Is this blessing then only for the circumcised, or also for the uncircumcised? For we say that faith was counted to Abraham as righteousness. How then was it counted to him? Was it before or after he had been circumcised? It was not after, but before he was circumcised. He received the sign of circumcision as a seal of the righteousness that he had by faith while he was still uncircumcised. The purpose was to make him the father of all who believe without being circumcised, so that righteousness would be counted to them as well, and to make him the father of the circumcised who are not merely circumcised but who also walk in the footsteps of the faith that our father Abraham had before he was circumcised. (Romans 4:1-12 ESV)
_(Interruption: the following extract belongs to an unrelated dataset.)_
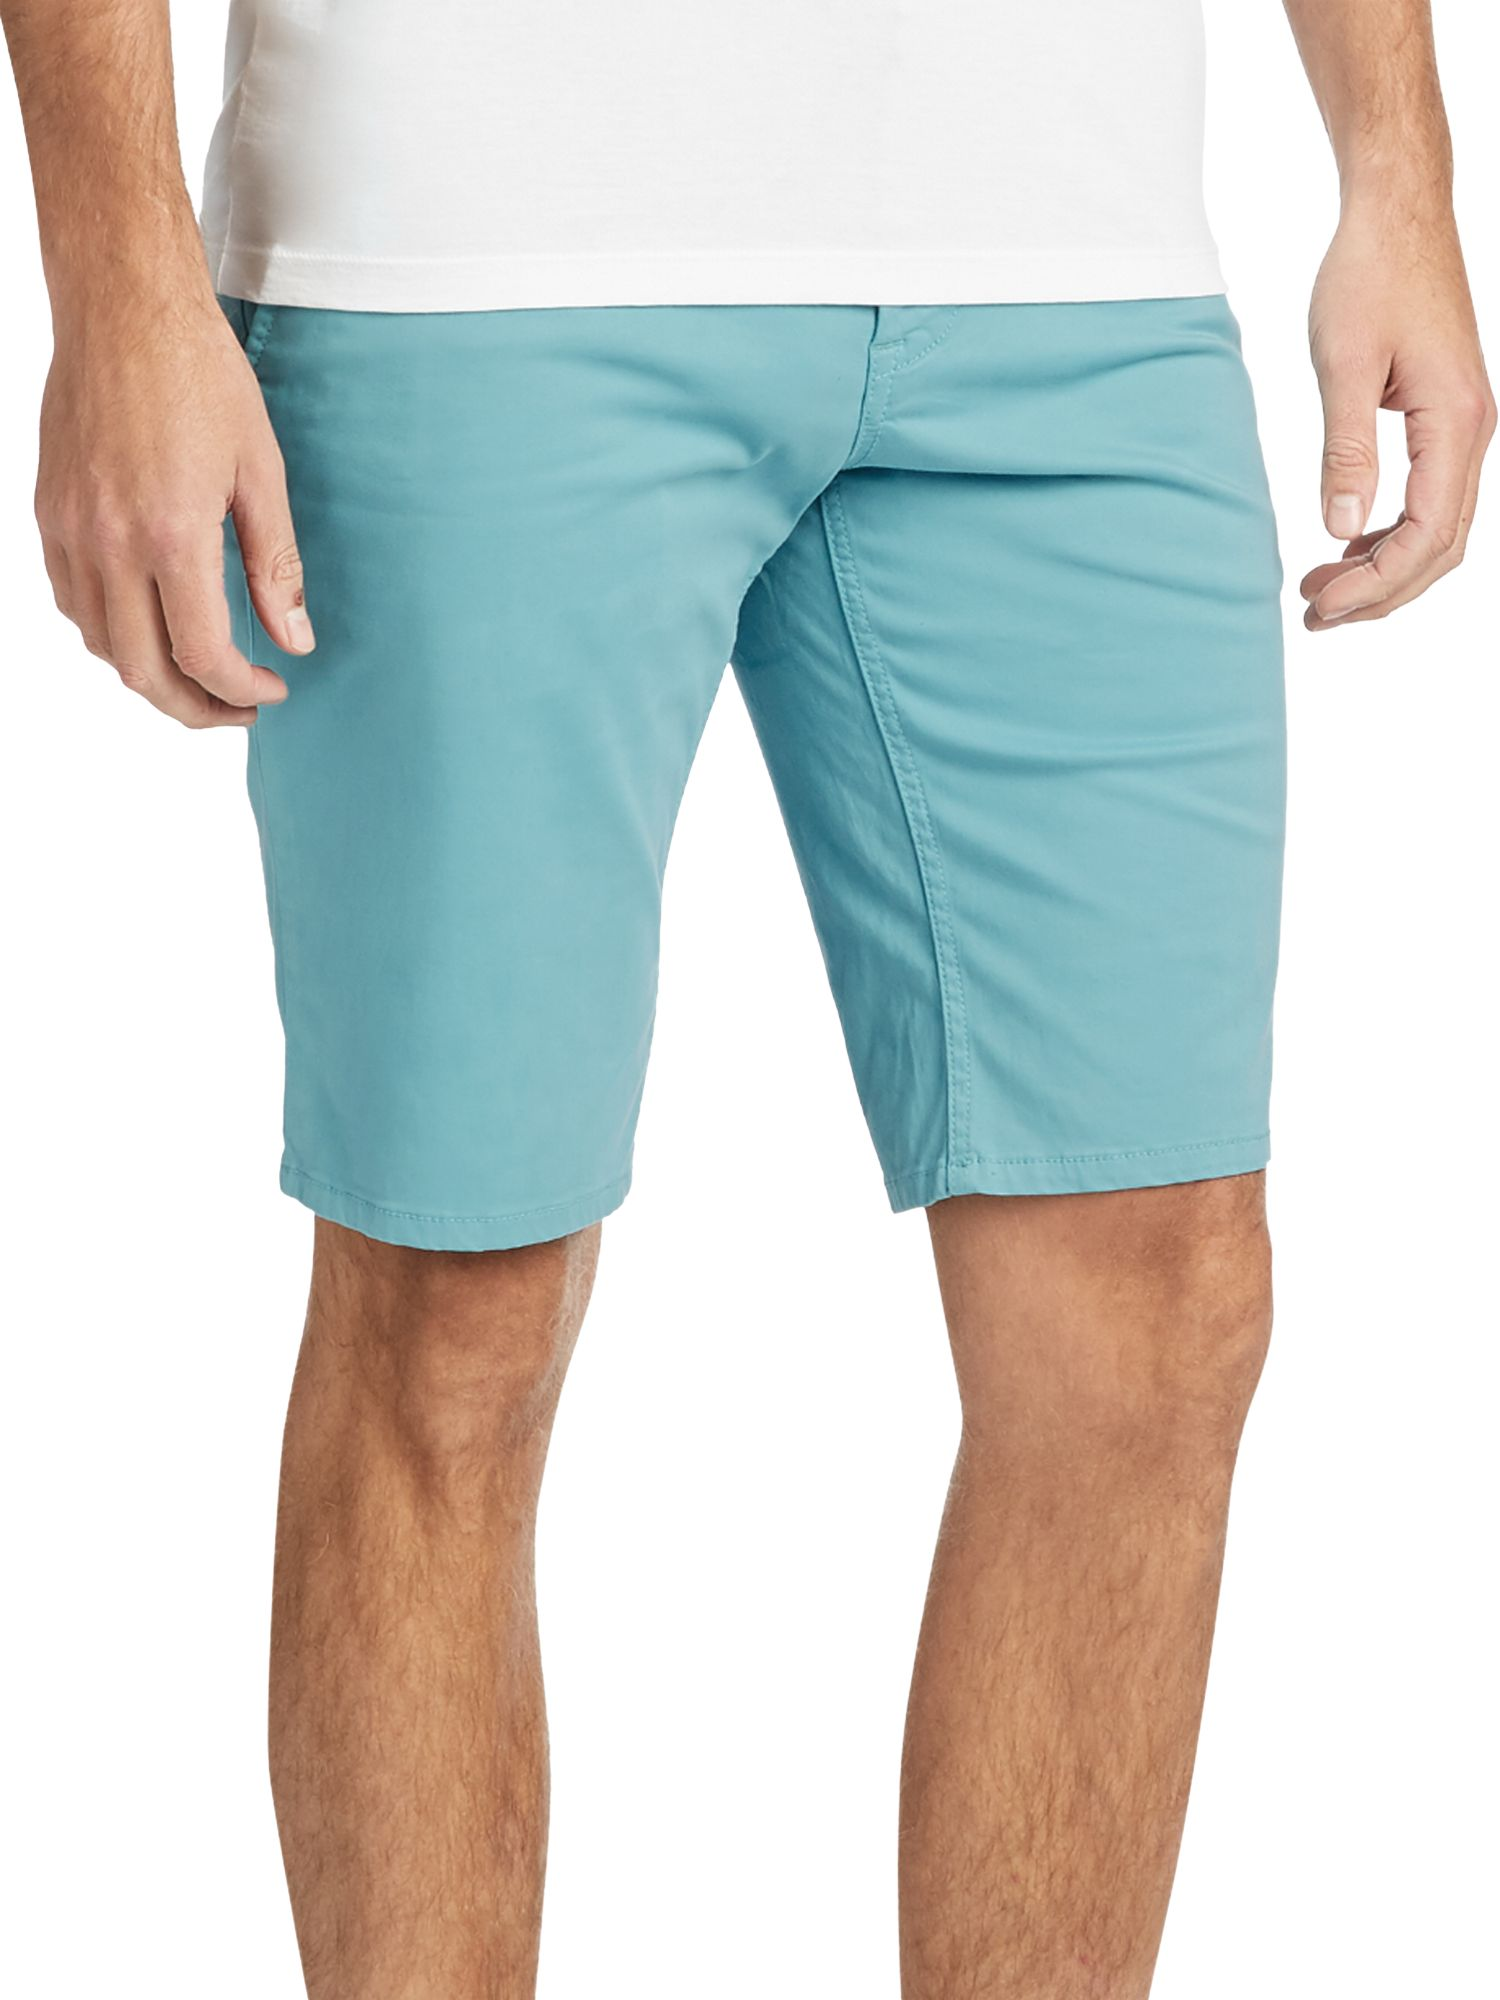 1029470c BOSS Schino Slim Fit Chino Shorts at John Lewis & Partners

Paul draws us back to the heart of a true relationship with God which is faith, that is a heart for God that is wholly dependent and not contributory or trusting in external means. Of course such faith in not merely cerebral or confessional, but intensely heartfelt as sinner David describes, “O GOD, Thou art my God; I shall seek Thee earnestly; my soul thirsts for Thee, my flesh yearns for Thee, in a dry and weary land where there is no water” (Psalm 63:1). (Source)
For the promise to Abraham and his offspring that he would be heir of the world did not come through the law but through the righteousness of faith. For if it is the adherents of the law who are to be the heirs, faith is null and the promise is void. For the law brings wrath, but where there is no law there is no transgression.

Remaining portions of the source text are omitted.